## Stored entries
>>>>>

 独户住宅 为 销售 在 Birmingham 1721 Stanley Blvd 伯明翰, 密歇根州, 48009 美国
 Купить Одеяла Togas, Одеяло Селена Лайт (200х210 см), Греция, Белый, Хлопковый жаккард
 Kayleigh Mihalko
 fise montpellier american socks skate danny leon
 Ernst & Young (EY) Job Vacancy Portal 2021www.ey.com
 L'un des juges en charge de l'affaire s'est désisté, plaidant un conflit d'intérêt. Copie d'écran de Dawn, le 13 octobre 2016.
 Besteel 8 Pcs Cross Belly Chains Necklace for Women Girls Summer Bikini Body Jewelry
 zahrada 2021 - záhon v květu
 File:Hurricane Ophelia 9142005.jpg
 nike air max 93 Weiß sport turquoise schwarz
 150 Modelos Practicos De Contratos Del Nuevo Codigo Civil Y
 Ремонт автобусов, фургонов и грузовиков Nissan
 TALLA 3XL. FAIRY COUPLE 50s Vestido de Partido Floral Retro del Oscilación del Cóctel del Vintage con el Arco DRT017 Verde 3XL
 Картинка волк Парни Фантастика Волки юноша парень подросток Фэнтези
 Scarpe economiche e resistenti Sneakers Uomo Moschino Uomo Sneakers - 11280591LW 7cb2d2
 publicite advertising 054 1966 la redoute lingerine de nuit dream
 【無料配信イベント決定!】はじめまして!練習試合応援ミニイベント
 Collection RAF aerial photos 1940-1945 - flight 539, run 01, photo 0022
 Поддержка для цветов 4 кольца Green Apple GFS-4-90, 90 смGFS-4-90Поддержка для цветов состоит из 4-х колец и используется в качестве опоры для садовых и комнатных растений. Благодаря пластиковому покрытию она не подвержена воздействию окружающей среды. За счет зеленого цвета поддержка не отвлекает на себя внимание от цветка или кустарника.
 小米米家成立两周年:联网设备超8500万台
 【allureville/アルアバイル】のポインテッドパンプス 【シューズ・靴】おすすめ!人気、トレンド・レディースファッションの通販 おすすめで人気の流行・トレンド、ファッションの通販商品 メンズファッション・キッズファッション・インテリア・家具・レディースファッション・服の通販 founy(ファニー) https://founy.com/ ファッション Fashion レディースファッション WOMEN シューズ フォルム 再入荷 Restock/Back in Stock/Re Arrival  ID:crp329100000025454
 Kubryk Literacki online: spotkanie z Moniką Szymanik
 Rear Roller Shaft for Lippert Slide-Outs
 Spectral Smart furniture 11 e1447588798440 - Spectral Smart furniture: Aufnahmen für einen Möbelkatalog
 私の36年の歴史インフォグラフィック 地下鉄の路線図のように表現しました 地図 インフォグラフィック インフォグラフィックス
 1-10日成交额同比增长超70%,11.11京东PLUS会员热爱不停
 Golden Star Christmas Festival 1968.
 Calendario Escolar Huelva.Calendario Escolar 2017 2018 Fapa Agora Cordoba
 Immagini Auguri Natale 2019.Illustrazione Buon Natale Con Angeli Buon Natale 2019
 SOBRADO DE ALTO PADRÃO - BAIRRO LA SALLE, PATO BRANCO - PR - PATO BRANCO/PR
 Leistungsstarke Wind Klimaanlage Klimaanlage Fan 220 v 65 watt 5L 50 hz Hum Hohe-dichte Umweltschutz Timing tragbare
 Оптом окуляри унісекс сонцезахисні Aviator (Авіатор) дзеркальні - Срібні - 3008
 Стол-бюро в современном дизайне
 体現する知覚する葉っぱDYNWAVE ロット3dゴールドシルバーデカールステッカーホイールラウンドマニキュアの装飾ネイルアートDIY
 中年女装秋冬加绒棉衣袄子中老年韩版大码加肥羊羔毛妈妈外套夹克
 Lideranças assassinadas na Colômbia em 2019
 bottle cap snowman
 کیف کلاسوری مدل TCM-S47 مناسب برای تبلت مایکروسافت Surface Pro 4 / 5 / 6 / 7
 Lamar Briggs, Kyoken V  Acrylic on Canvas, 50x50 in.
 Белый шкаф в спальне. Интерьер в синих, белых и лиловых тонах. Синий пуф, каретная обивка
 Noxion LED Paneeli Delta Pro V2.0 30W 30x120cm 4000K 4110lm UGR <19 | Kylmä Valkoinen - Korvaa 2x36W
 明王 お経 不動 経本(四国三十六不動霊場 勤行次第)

<<<<<

## Requirement
Report each line of the data that includes the string "Белый".

## Exercise output
 Купить Одеяла Togas, Одеяло Селена Лайт (200х210 см), Греция, Белый, Хлопковый жаккард
 Белый шкаф в спальне. Интерьер в синих, белых и лиловых тонах. Синий пуф, каретная обивка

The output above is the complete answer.